- Born: 10 August 1943 La Rochelle, Nouvelle-Aquitaine, France
- Died: 4 September 2020 (aged 77)^{[where?]}
- Education: École nationale supérieure des Beaux-Arts; École nationale supérieure des arts décoratifs;
- Occupations: Interior designer Architect

= Christian Liaigre =

French interior designer (1943–2020)

Christian Liaigre (10 August 1943 – 4 September 2020) was a French interior designer and architect.

==Biography==
Born into a family from Vendée, Liaigre entered the École nationale supérieure des Beaux-Arts and the École nationale supérieure des arts décoratifs before meeting Alberto Giacometti. Giacometti led him to the workshop of Constantin Brâncuşi, but Liaigre left to help his grandfather breed racehorses. In 1981, he designed a collection of cabinets for Nobilis.

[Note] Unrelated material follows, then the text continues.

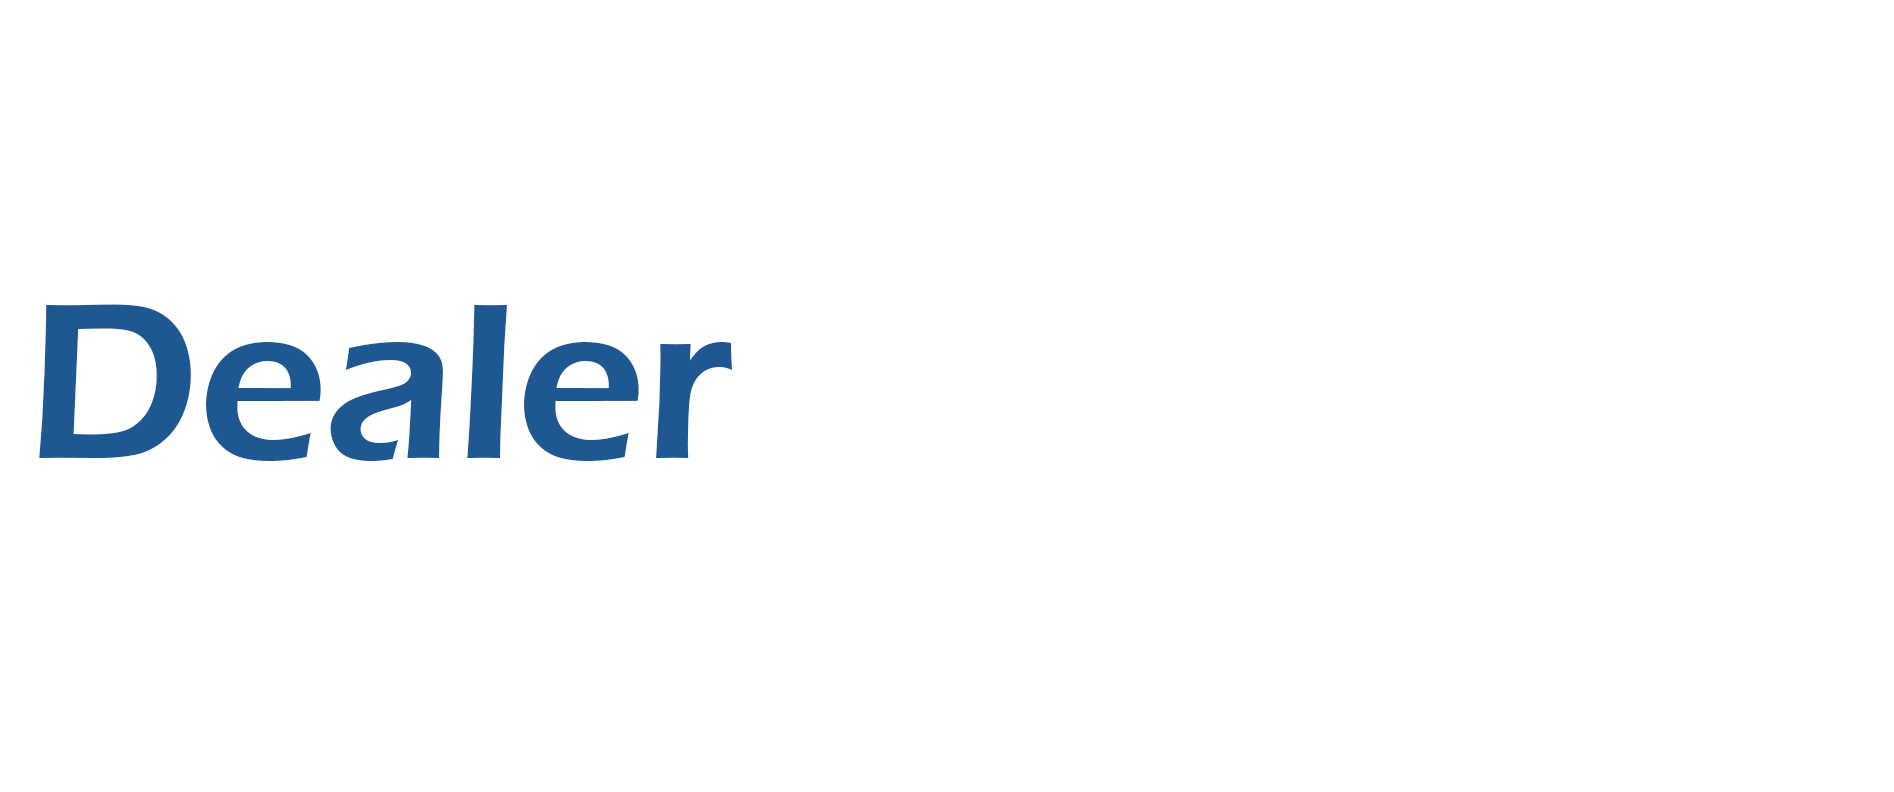 Dealer Help Desk logo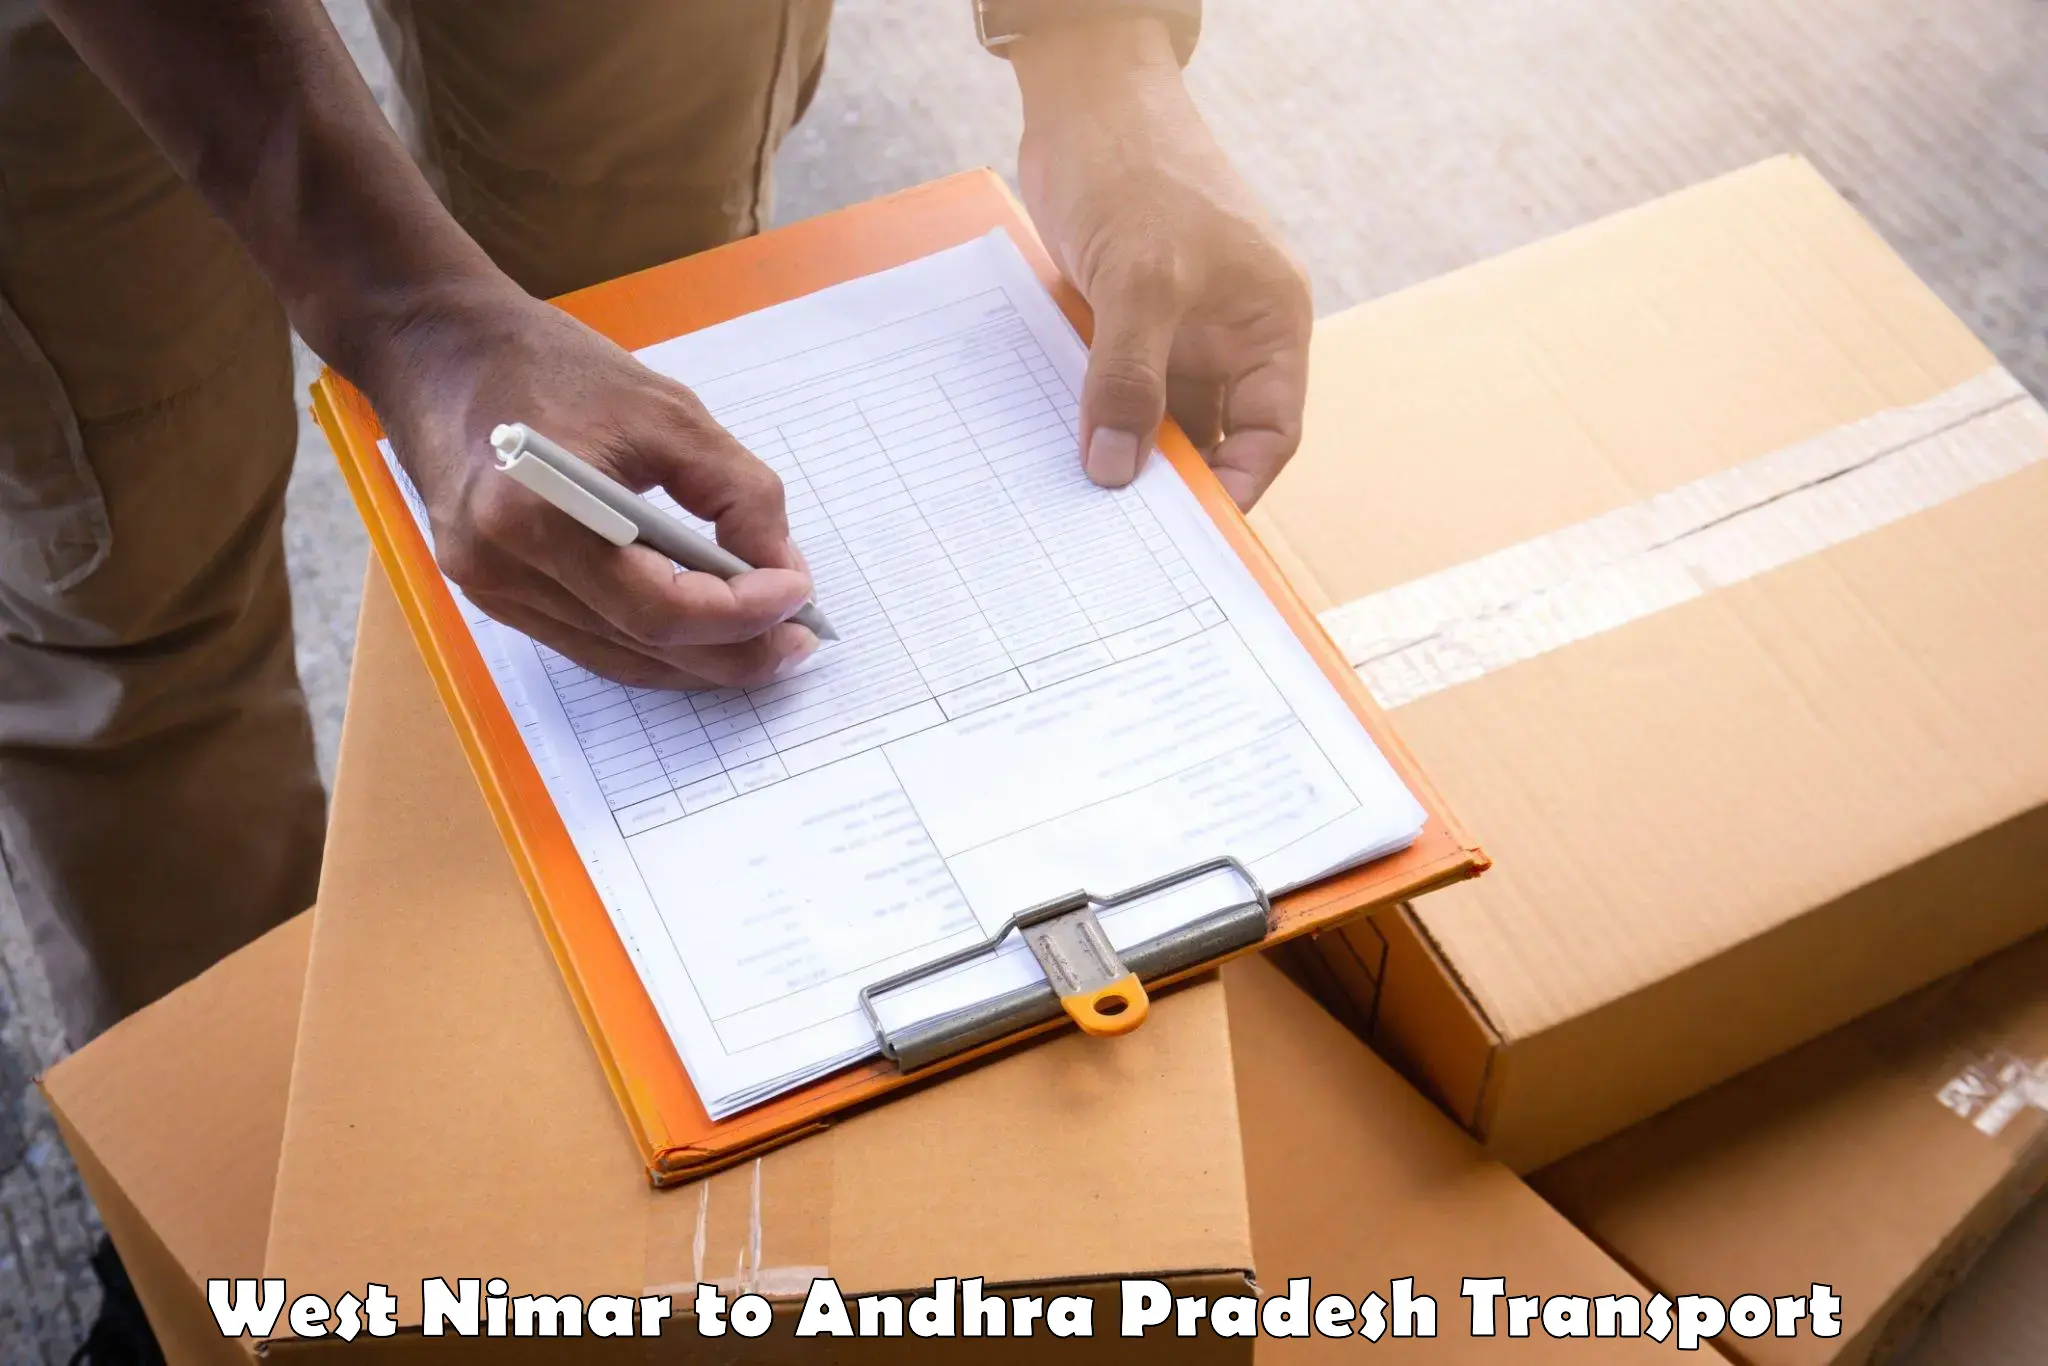 Cargo transport services West Nimar to Bhimavaram

In 1985, he opened his first store, and he designed the Hôtel Montalembert in 1990. In 1997, he designed The Mercer Hotel in New York City. His clients included Larry Gagosian, Marina Abramović, Bryan Adams, Calvin Klein, Rupert Murdoch, and Carole Bouquet. The Wall Street Journal described Liaigre as a "great minimalist". He owned boutiques in London, Chicago, Bangkok, Saint Barthélemy, Kuala Lumpur, and Paris.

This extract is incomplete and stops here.